The remaining gap: a hardcoded attacker IP in a postinstall script bypasses DNS entirely. `network_allow` is not a firewall. For complete network isolation, use `network: off` with a pre-populated cache or a local registry mirror. See [Network security](network.md) for all the options.

---

## `sbox plan` — inspect before you run

Every sandboxed command goes through a resolution phase that produces an `ExecutionPlan`. `sbox plan` shows you that plan without executing anything:

```bash
sbox plan -- npm install
```

You see: which image, which mounts, which environment variables pass through, which are denied, what network policy applies, which profile was selected, and why. This is useful both for debugging broken configs and for security review — you can audit exactly what the sandbox will do before it does it.

---

## Reusable sessions

By default, sbox starts a new container for each command and removes it when done. This adds ~0.5–1 second of startup overhead per invocation.

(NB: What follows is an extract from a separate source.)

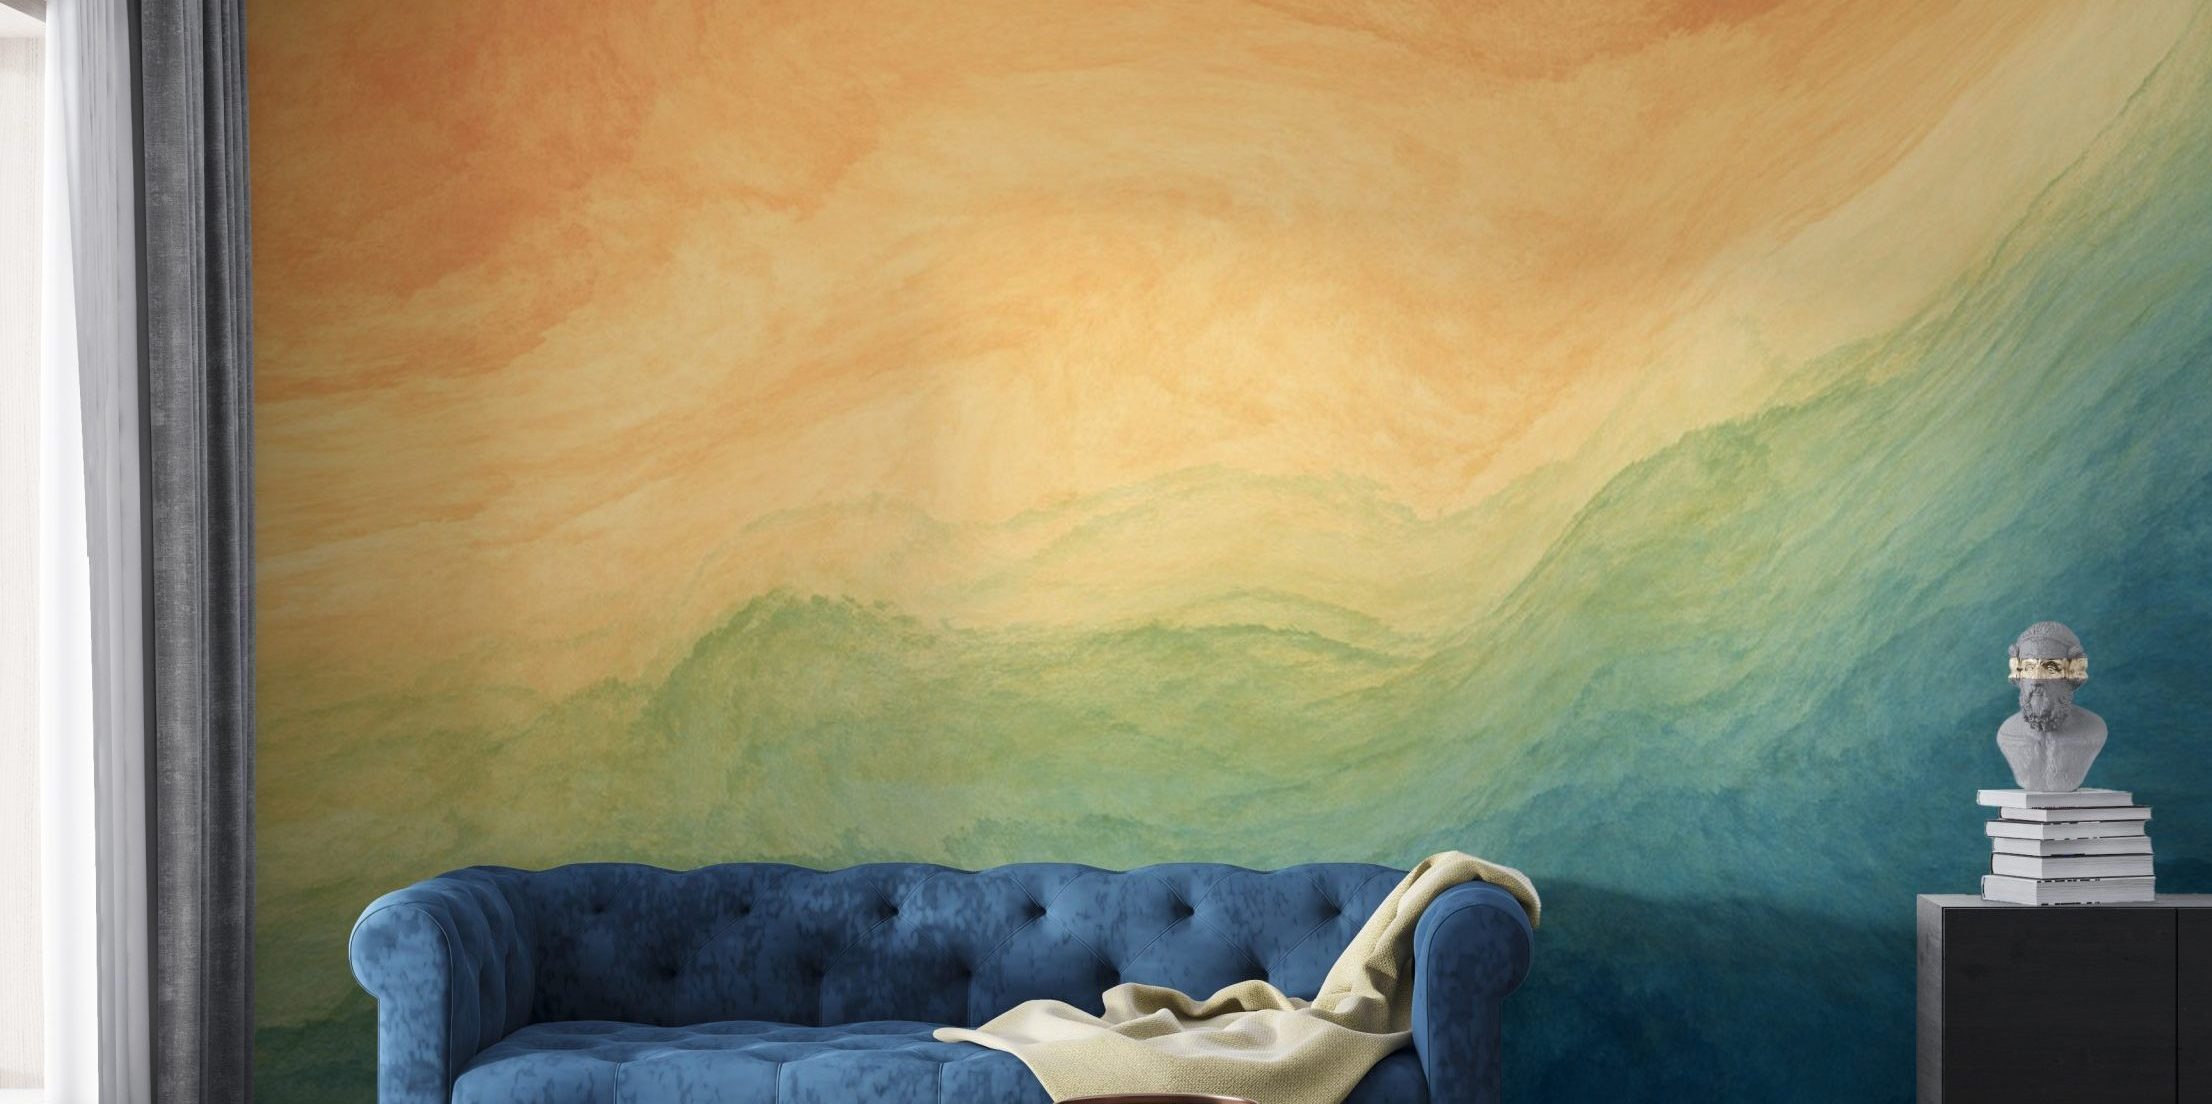 Ombre Mural Wallpaper Breathe Fresh Life into Your Home Decor

With `reuse_container: true`, the container stays running between commands. Subsequent `sbox run` calls use `podman exec` into the live container instead of starting a new one. Startup drops to near zero.

```yaml
runtime:
  reuse_container: true
```

The trade-off: the container accumulates state between runs. If a postinstall script wrote something into `/tmp` inside the container, it persists until you run `sbox clean`. For install commands you probably want a fresh container each time. For build/run commands where startup latency matters, reuse is useful.